▶ _Provided data_:
*** Block opens ***
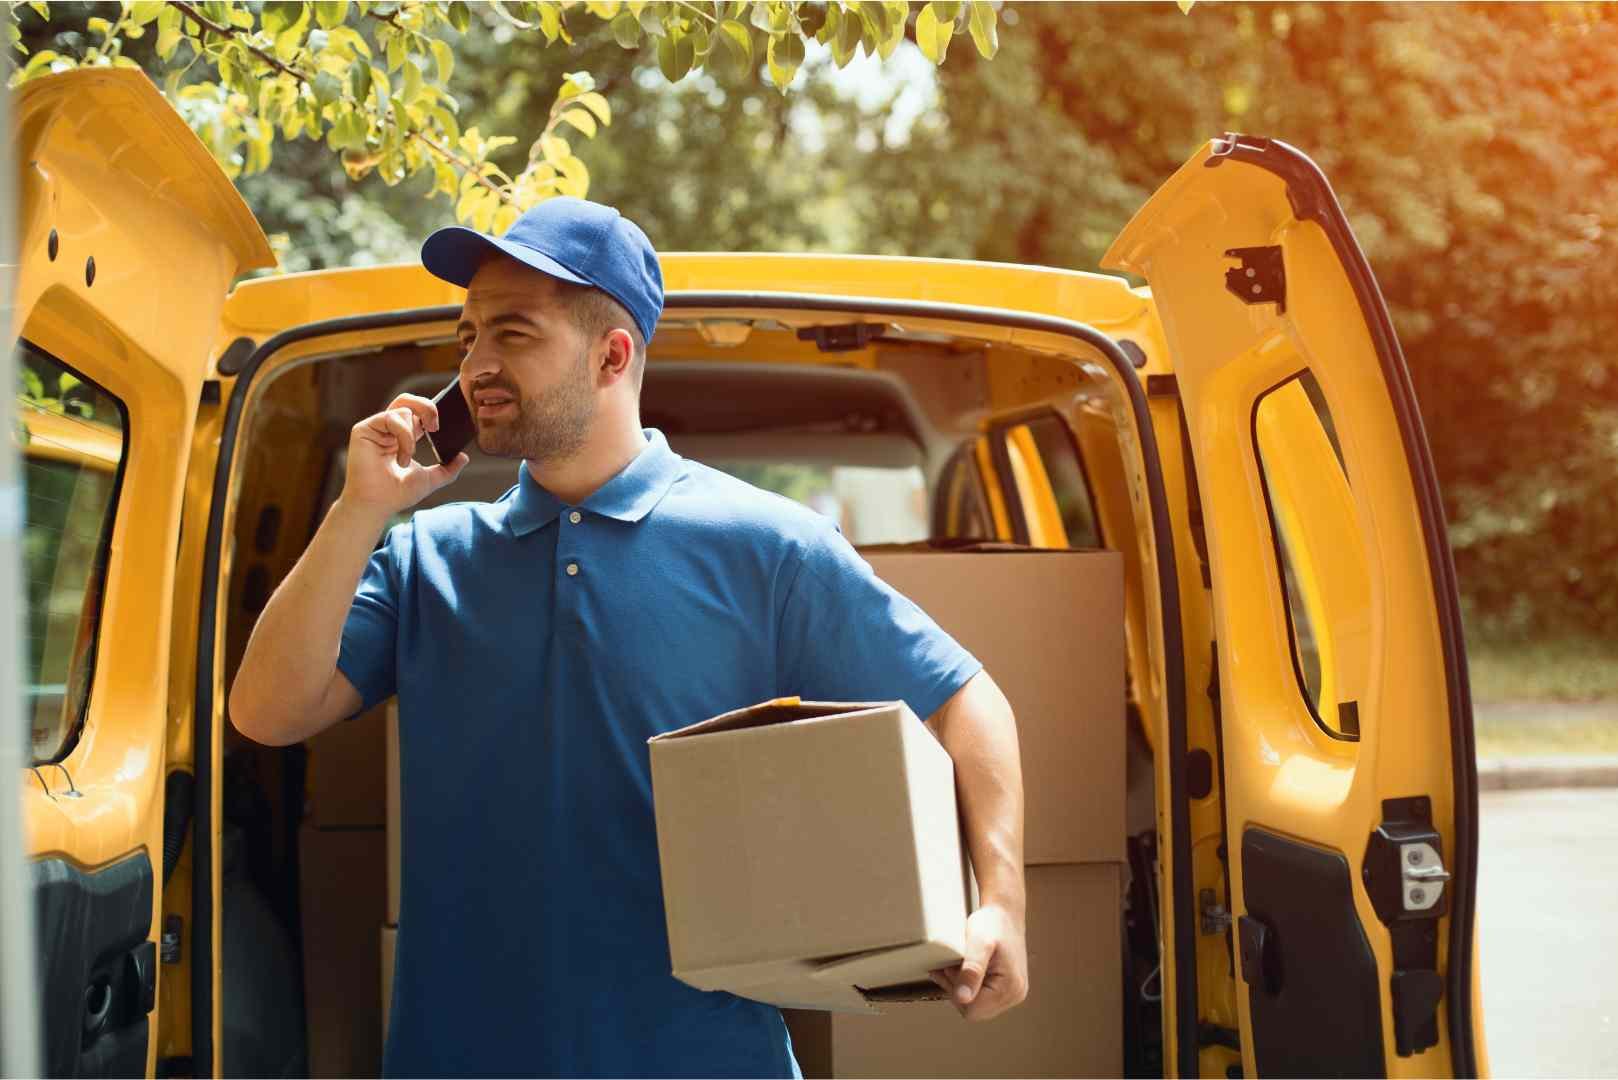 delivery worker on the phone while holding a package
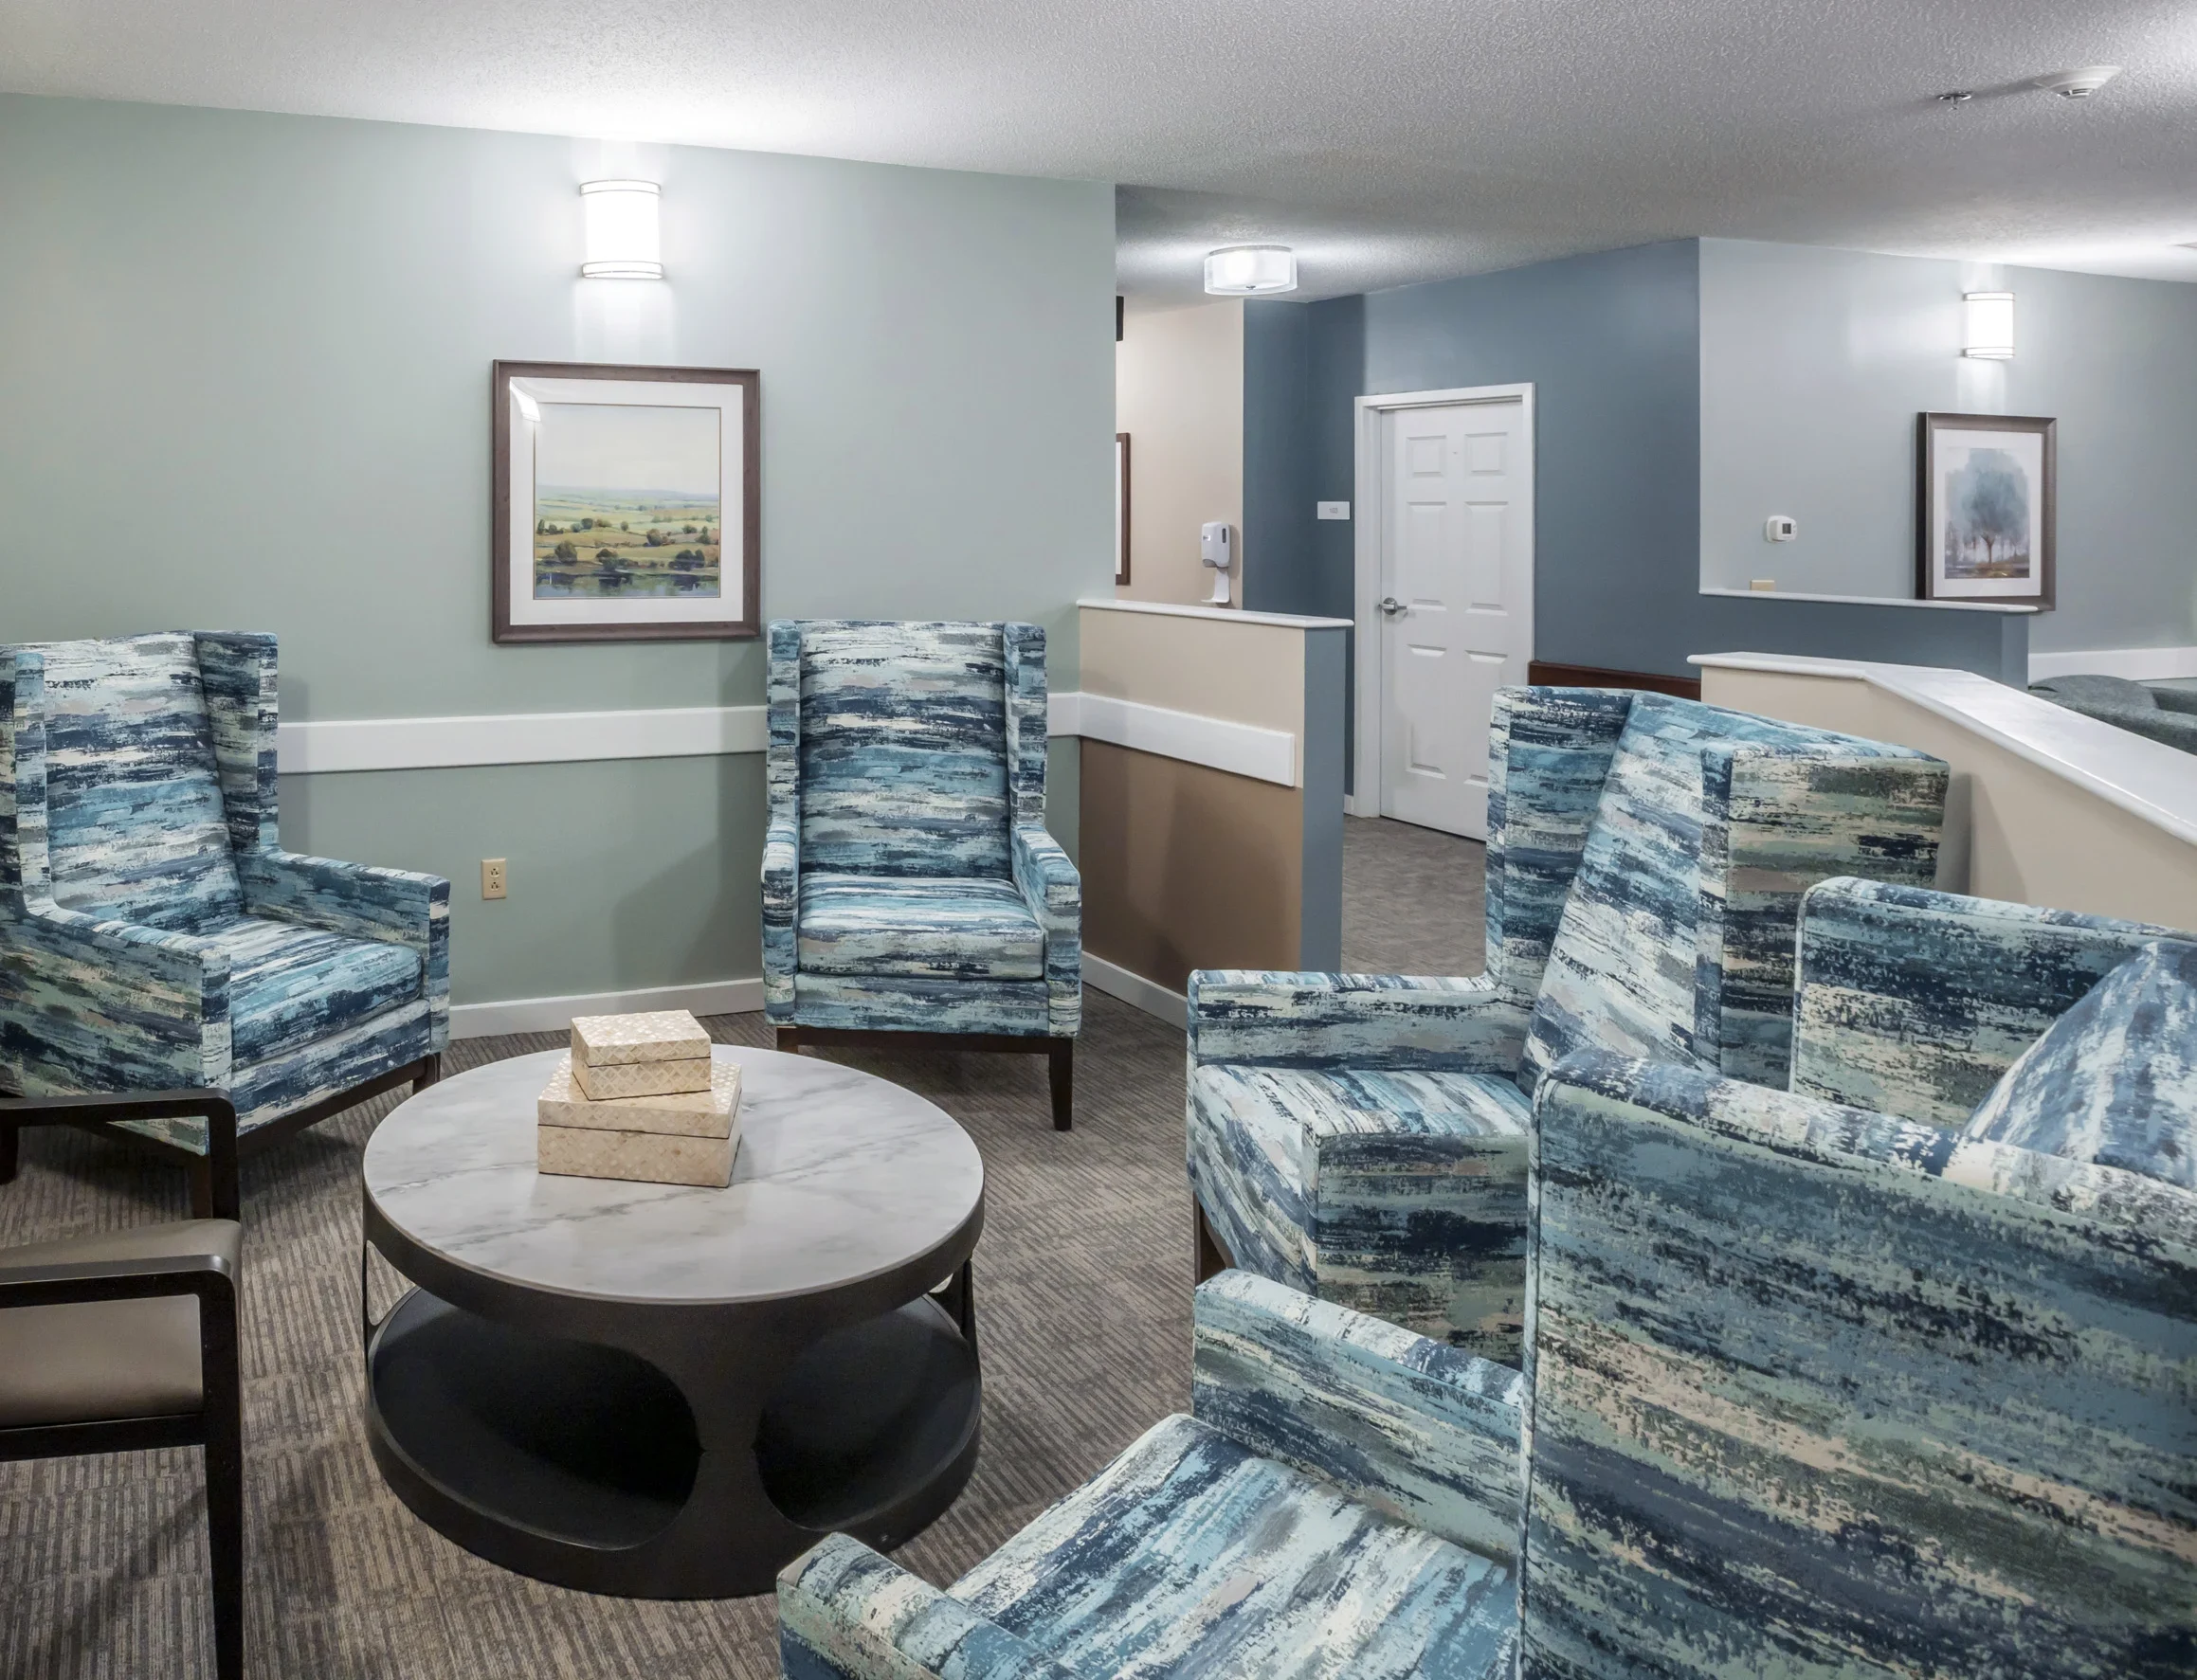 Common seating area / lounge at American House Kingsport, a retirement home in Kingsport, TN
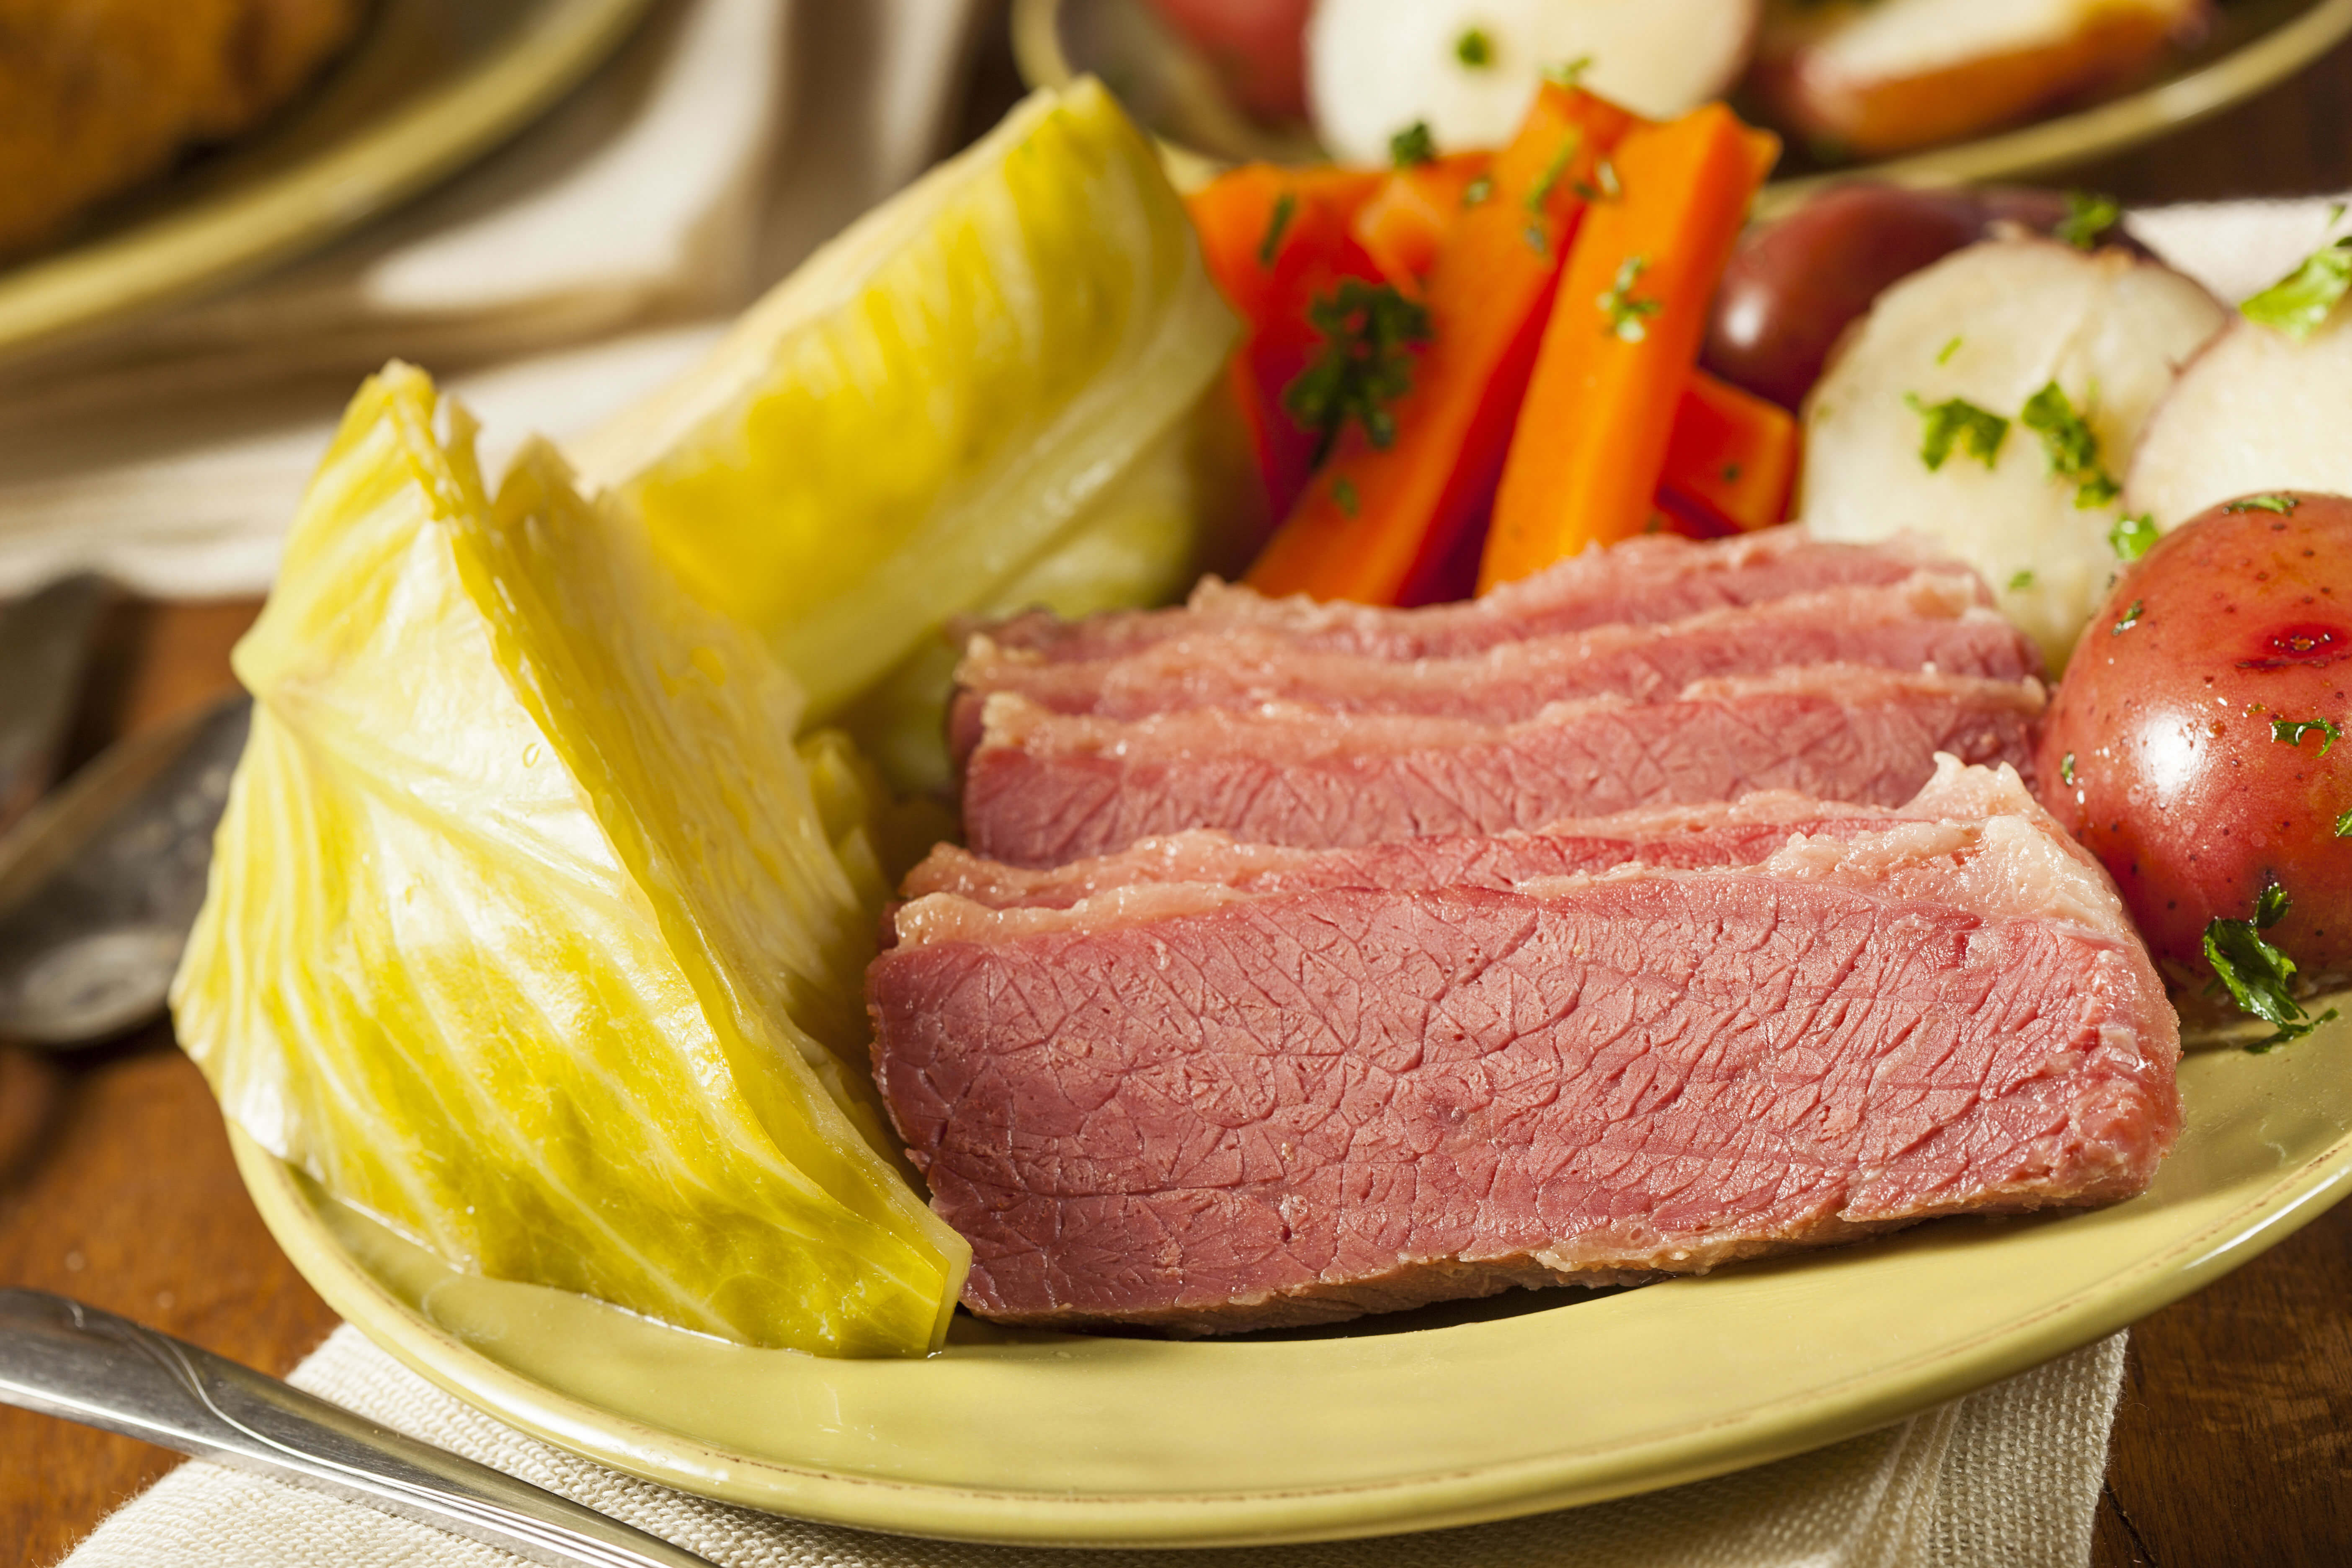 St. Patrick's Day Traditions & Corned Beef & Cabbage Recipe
*** Block closes ***
▶ _Work to complete_: Only the lines from the one with "Common seating area" through the last line of the listing belong in your answer; copy them exactly and skip the pictures.

▶ _Exercise response_:
 Common seating area / lounge at American House Kingsport, a retirement home in Kingsport, TN
 St. Patrick's Day Traditions & Corned Beef & Cabbage Recipe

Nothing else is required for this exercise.